Configurable CLI exit behavior for API errors (#211)

* feat: add --exit-code-on-api-error flag + Buildkite-aware infra error logging

Adds a configurable exit code for API/infrastructure failures so CI pipelines
can distinguish them from blocking security findings (exit 1), without changing
any default behavior.

- New CliConfig field exit_code_on_api_error (default 3) + --exit-code-on-api-error
  flag. The CLI already exited 3 on unexpected errors; this just makes that code
  configurable (e.g. remap to a Buildkite soft_fail code, or 0 to swallow).
- New _emit_infrastructure_error helper + IS_BUILDKITE gate: emits Buildkite log
  section markers (^^^ +++ / --- ⚠️) and a soft_fail hint when running in
  Buildkite; plain log.error elsewhere so markers don't leak as literal text.
- Wire the top-level generic-exception handler in cli() through the helper and
  the configurable code.

Deliberately NON-breaking for 2.3.x:
- --disable-blocking STILL forces exit 0 for all outcomes and takes precedence
  over --exit-code-on-api-error (documented in the flag help so the two aren't
  combined by mistake).
- Default exit codes are unchanged; the exit code only changes when the user
  explicitly passes the flag.

The breaking variant (infra errors bypassing --disable-blocking, distinct
RequestTimeoutExceeded handling, exit 1 -> 3 for diff API failures) is
intentionally deferred to a future 3.0 release.

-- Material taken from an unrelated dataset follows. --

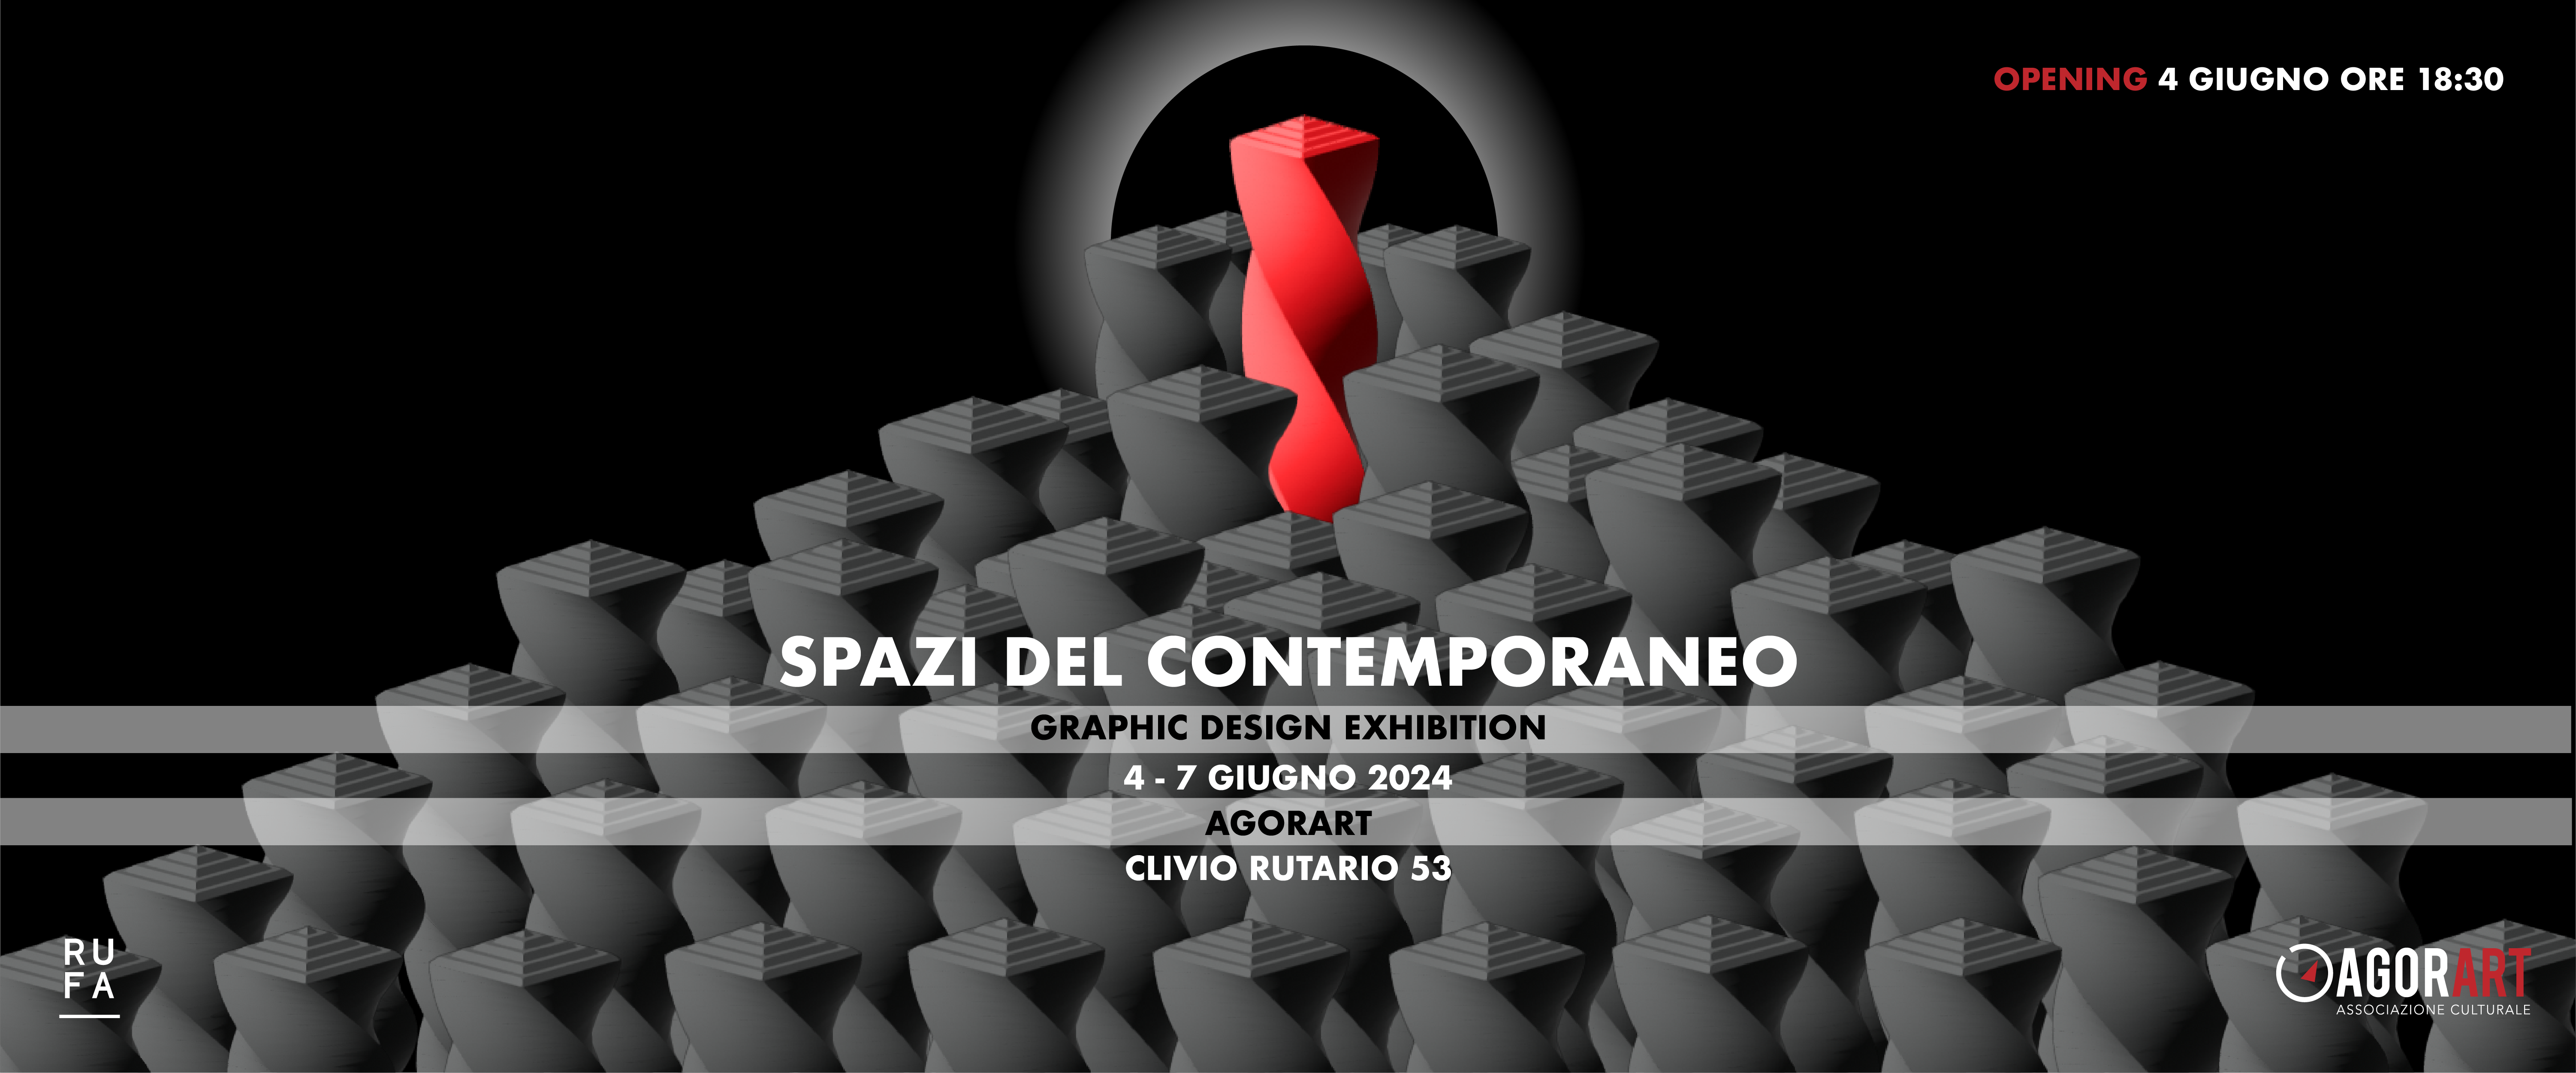 SPAZI DEL CONTEMPORANEO - Graphic Design Exhibition
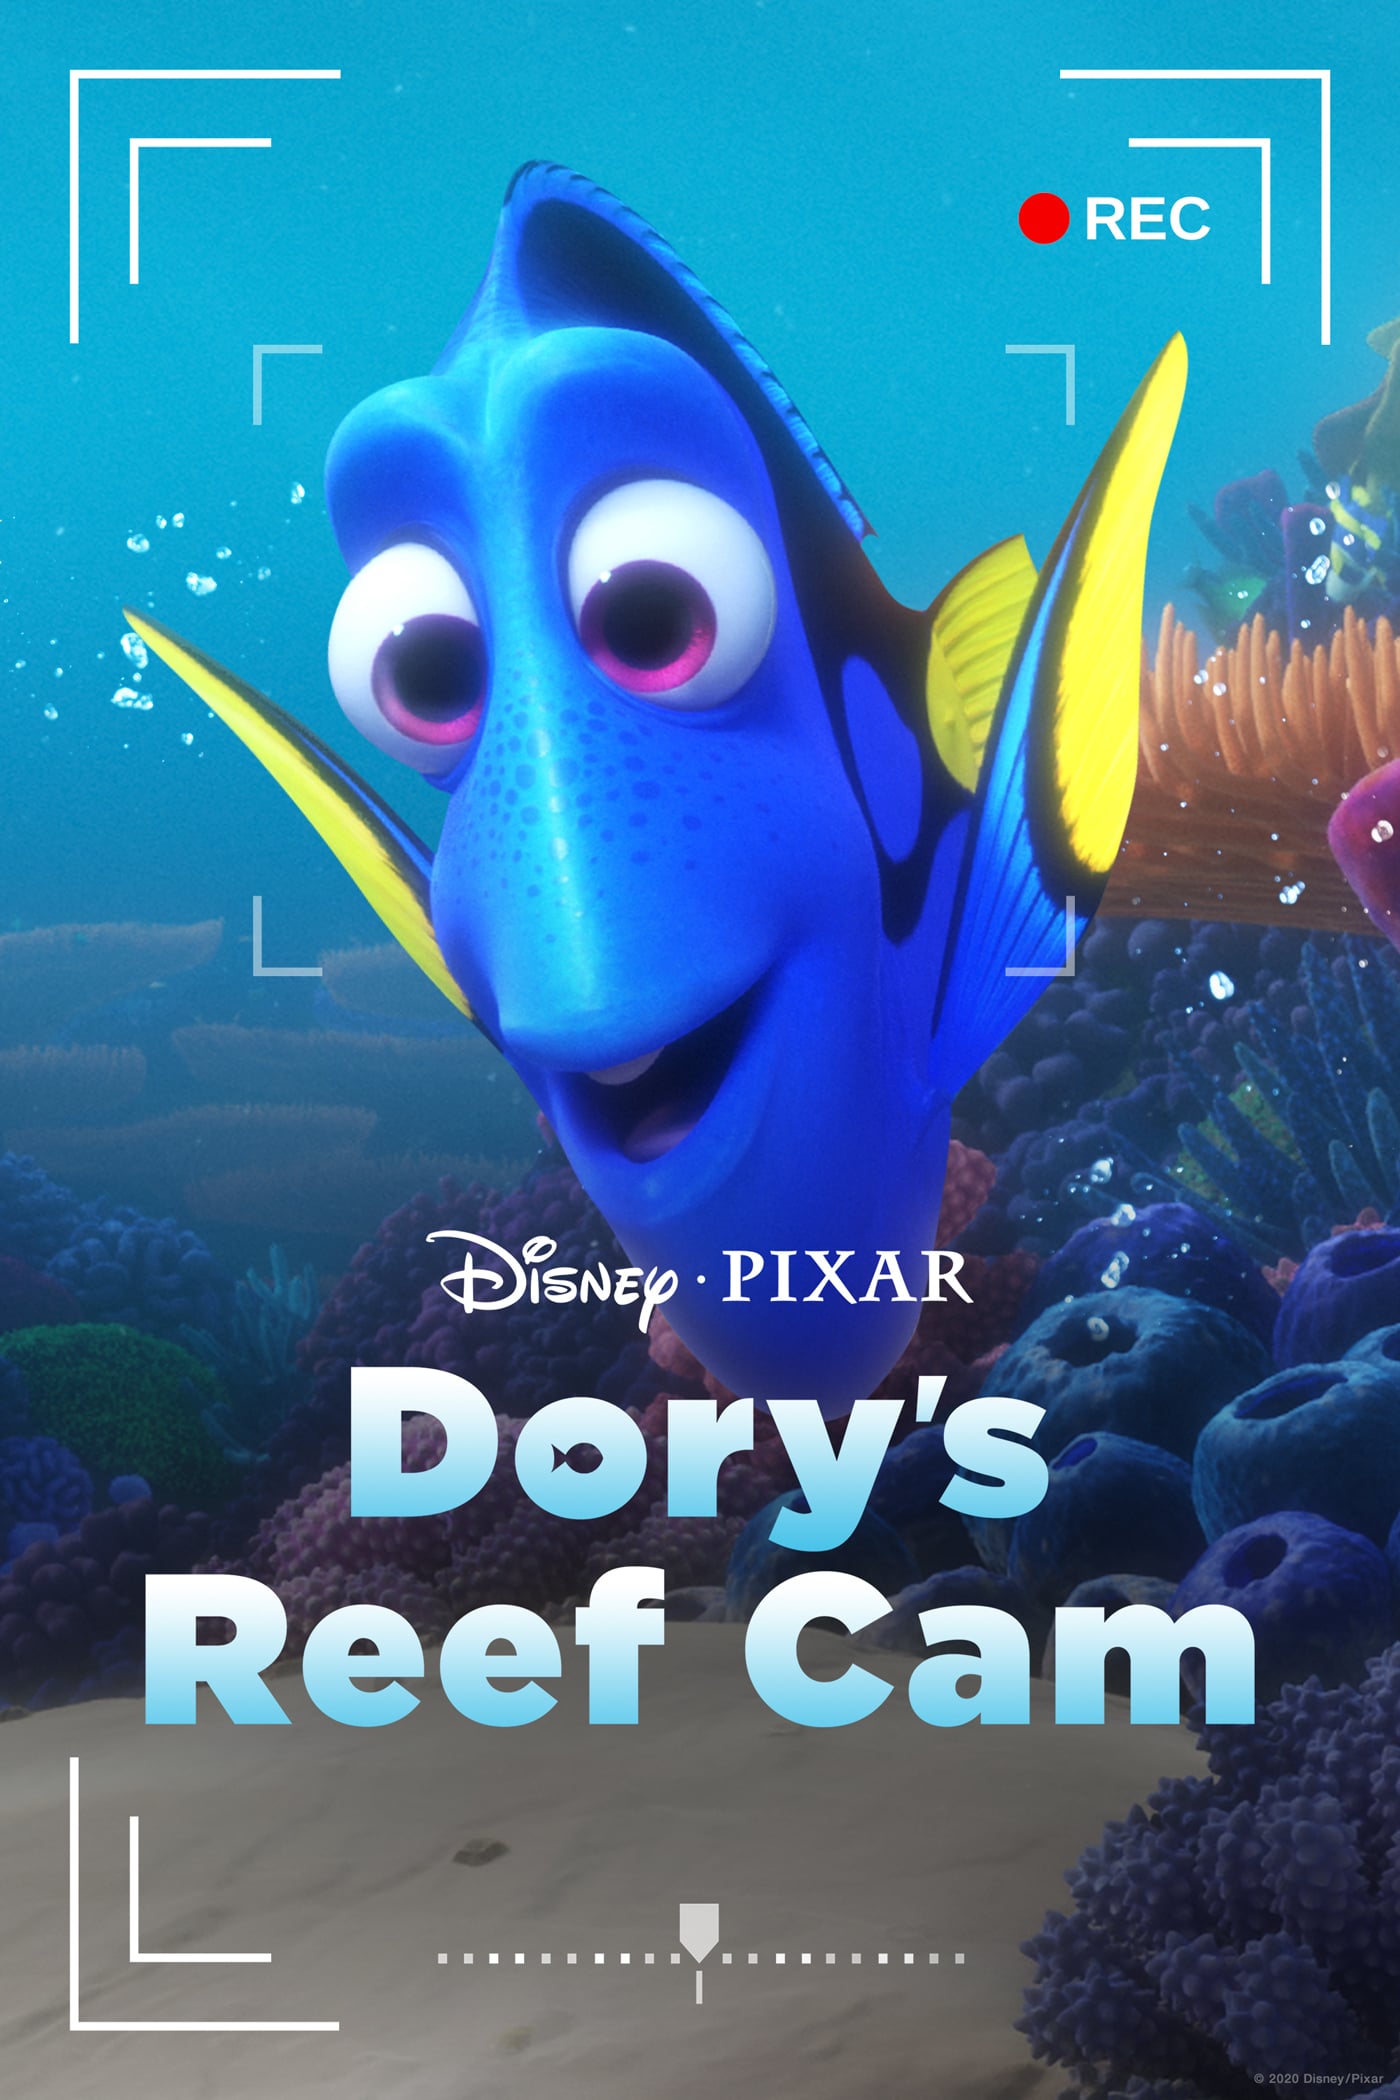 دانلود فیلم Dory's Reef Cam 2020

Signed-off-by: lelia <2418071+lelia@users.noreply.github.com>

* feat(config): auto-truncate commit messages over 200 chars

The --commit-message flag passes its value directly into the API request URL
as a query parameter with no length limit. AI-generated commit messages and
the common CI pattern of concatenating $BUILDKITE_BUILD_NUMBER + $BUILDKITE_MESSAGE
can easily exceed URL length limits, producing HTTP 413 errors.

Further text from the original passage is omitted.